HTTP / 3 is the next version of col, which is currently being developed. But 60% of the web has still not upgraded to HTTP / 2 yet, which has been out since 2012 and has widespread support. How to enable it in Nginx and Apache.
What does HTTP / 2 do?
If you are not into HTTP / 2, you are probably using HTTP / 1.1, which was released in 1999 when web pages were just a single HTML file. Nowadays, web pages make several requests for images, CSS and JS, and although you should try to cut as much as possible on extra requests, it is not possible to set your technology back to 1999.
However, HTTP / 1.1 has a problem, as it can only transmit one data stream per connection. This means that each file is downloaded in turn, regardless of the user’s internet speed, which can be a major downturn, especially on large websites with many files.
HTTP / 2 addresses this by allowing multiple requests to be downloaded in parallel over the same TCP connection, along with adding other features, such as master compression and the ability to drive files directly to clients.
HTTP / 3 will soon be released and rebuild the transport layer to work over UDP rather than TCP, on a new protocol called QUIC. It is in its early stages, but HTTP / 2 has already been widely used and drives 40% of the internet. You can already activate it if you have not already done so.
Enable HTTP / 2 in Nginx and Apache
HTTP / 2 support has been baked in Nginx and Apache for several years now, but it is not on by default, so you need to enable it manually.
An alert of HTTP / 2 is that you must serve HTTP / 2 over a secure TLS connection, which means you must have an SSL certificate installed and configured, and force the use of HTTPS everywhere. However, this is not a problem, as you should already be doing this. If you have not yet done so, you can read our guide to setting up a free LetsEncrypt certificate.

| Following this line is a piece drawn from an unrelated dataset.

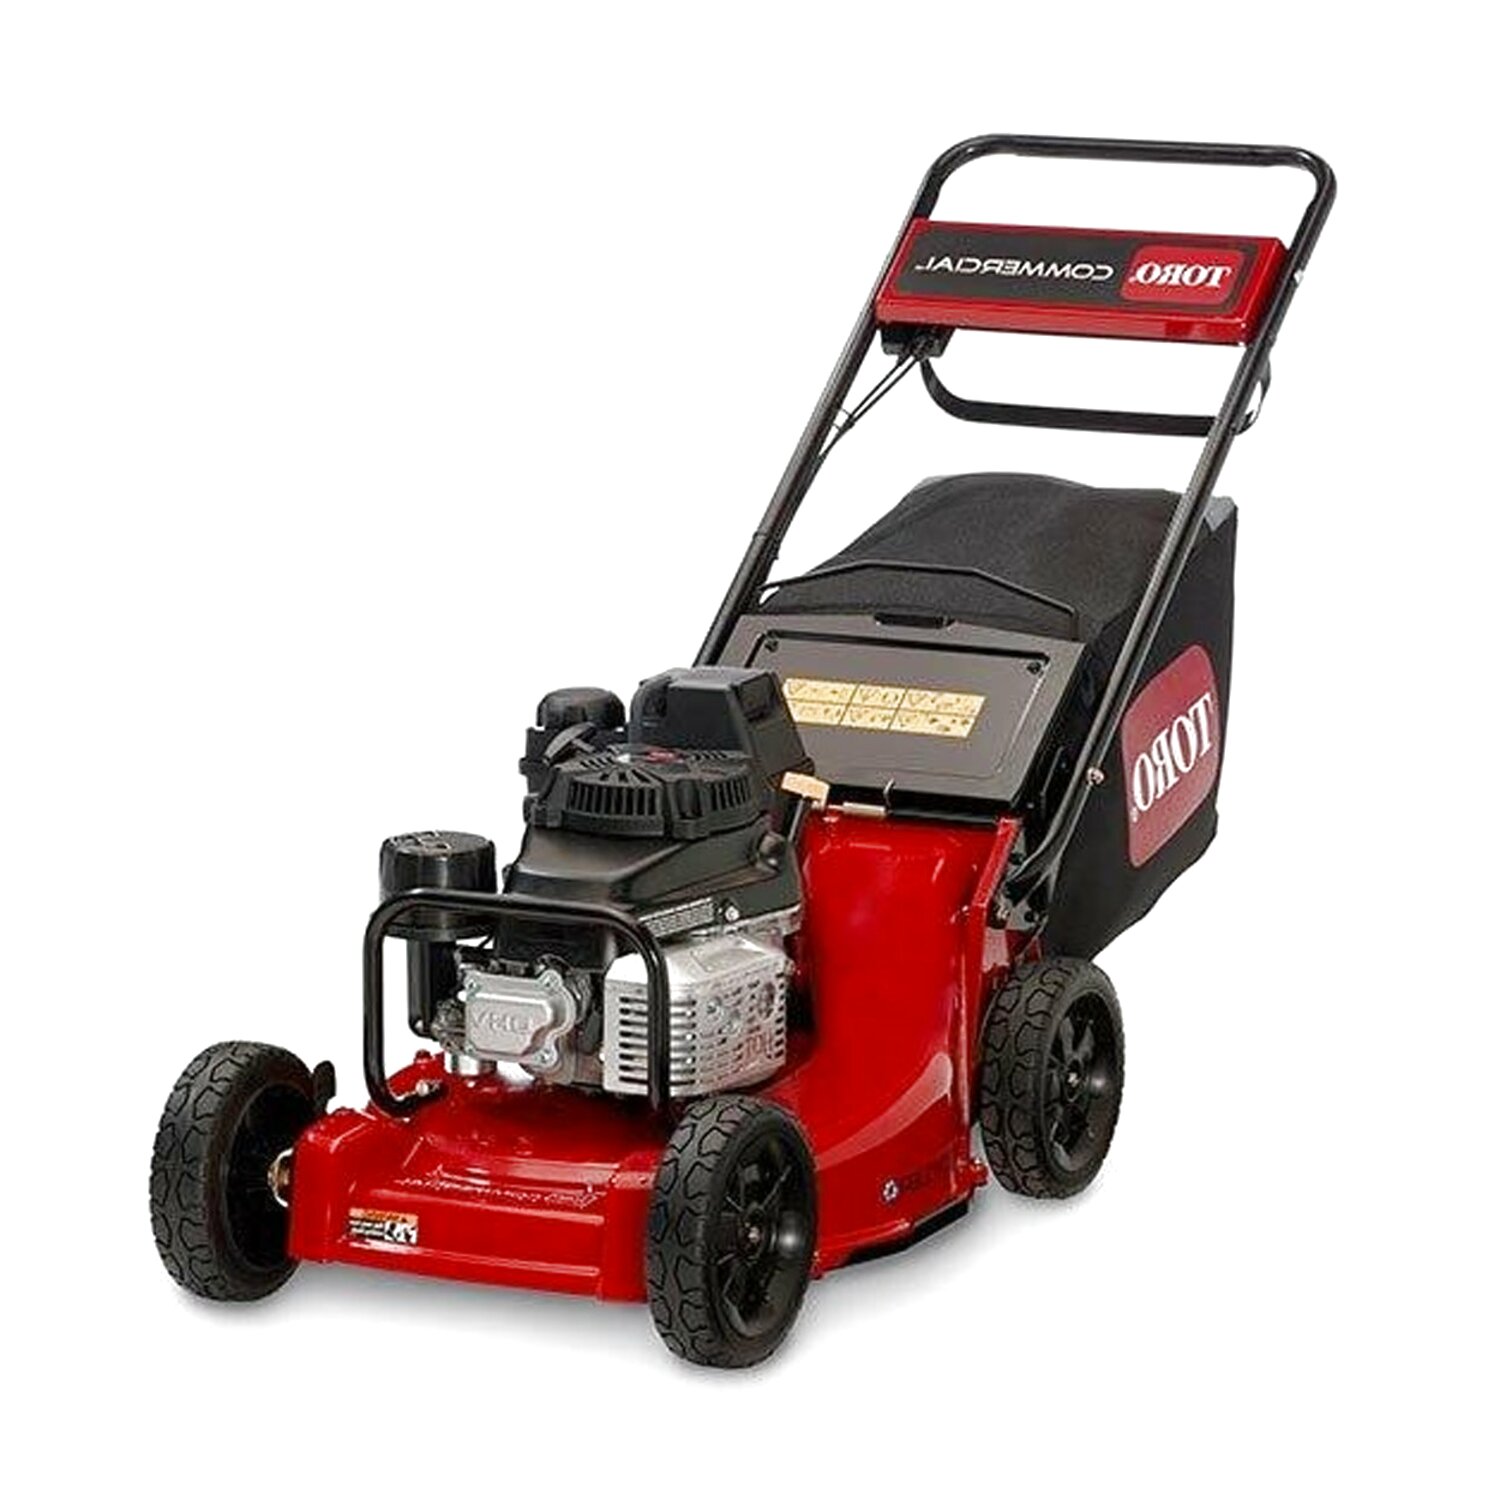 Toro Commercial Mowers for sale in UK View 54 bargains
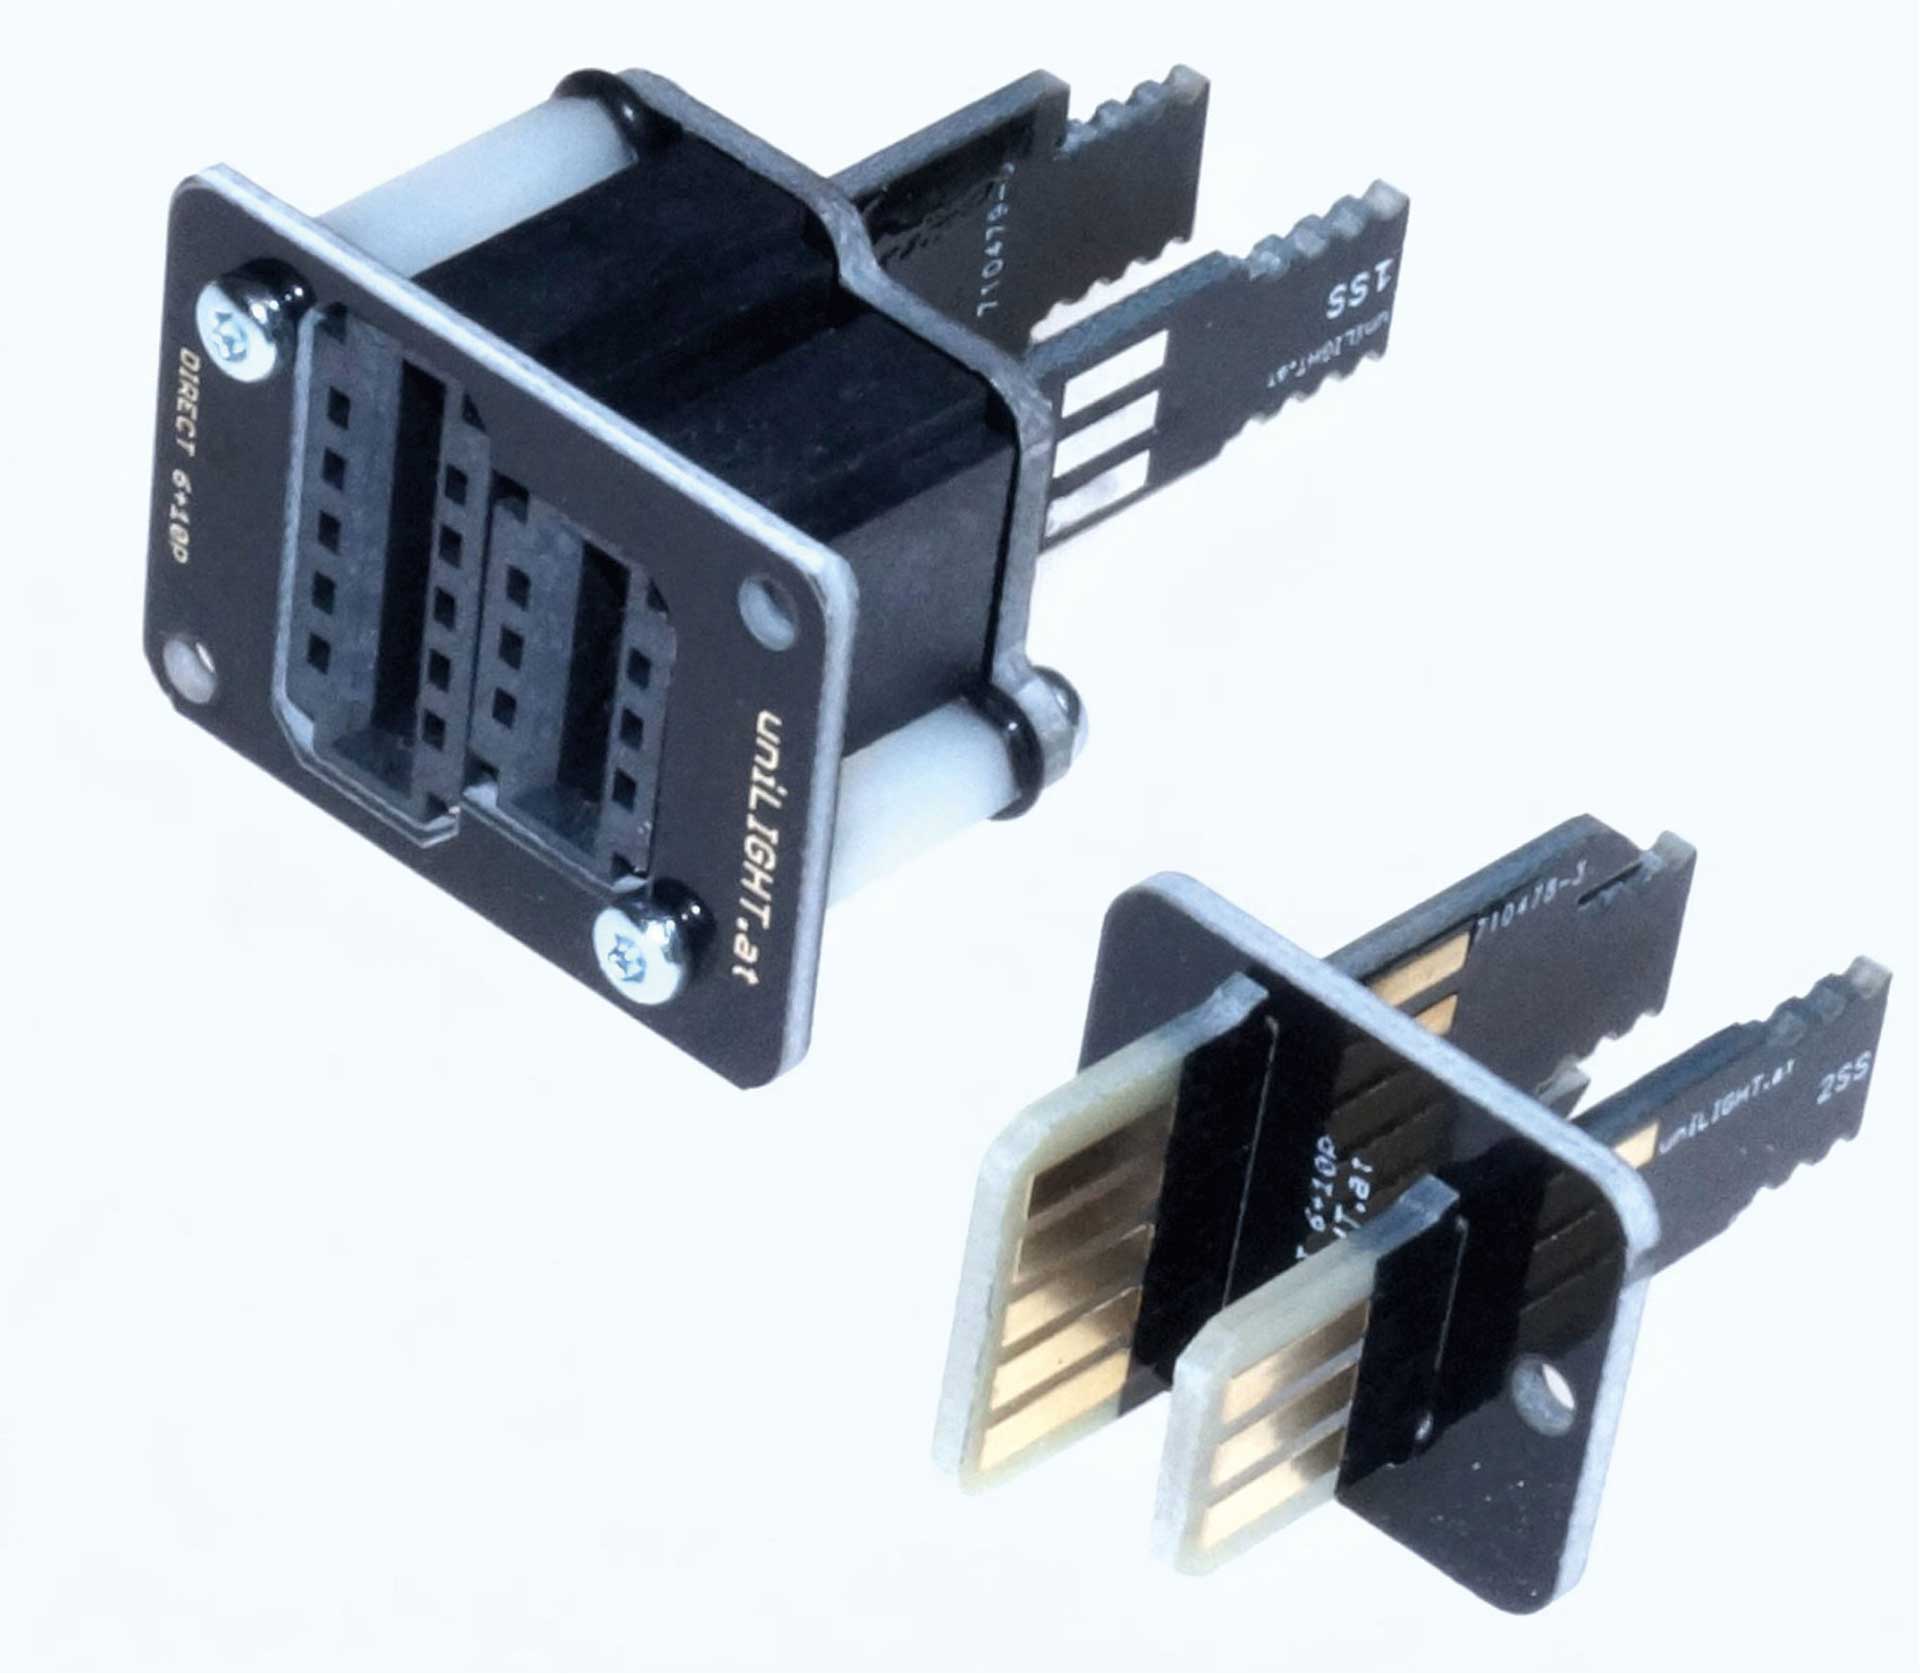 UNILIGHT DIRECT PLUG-IN CONNECTION DIRECT WITH 6 PRIMARY AND 4 SECONDARY POLES FOR 2 SERVOS AND 4 POLES FOR UP TO 3 LIGHTS

For Nginx, verify that you are in version 1.9.5 or later by running:
sudo nginx -v
You probably are unless your server is terribly outdated; if so, update your packages:
sudo apt-get update && sudo apt-get upgrade
Then open the configuration file for your nginx Web site in your favorite text editor. It’s probably below
/etc/nginx/sites-available/, either under your domain name or “default.” Change the lines that listen to port 443 to include
listen 443 ssl http2 default_server; listen [::]:443 ssl http2 default_server;
You can check syntax with:
sudo nginx -t
And restart nginx with:
sudo systemctl restart nginx
After that, you should be ready.
You must activate
sudo a2enmod http2
Then add to your Virtual Host definition
Protocols h2 http/1.1
h2 HTTP / 2 and HTTP / 1.1 are used as a fallback for older browsers.
Restart Apache with:
sudo systemctl restart apache2
And the changes should be saved.
Verify the changes
To check if your site is actually using the HTTP / 2 protocol, open Chrome DevTools by right-clicking anywhere and selecting “Inspect.” Go to the “Network” tab and right-click on the heading in the information list to activate “Protocol”:
This shows the protocol for each request.
h2 is what you are looking for:
Do not worry if some external resources are still served via HTTP / 1.1. You will still see the speed benefits of HTTP / 2, as requests to other servers are made via a separate connection. In the above output from howtogeek.com, some scripts for the Disqus commenting system are still served via HTTP / 1.1, which is not good on their part, but there is not much you can do about it. On the other hand, Google actually serves its fonts over QUIC already if you have enabled the flag in Chrome.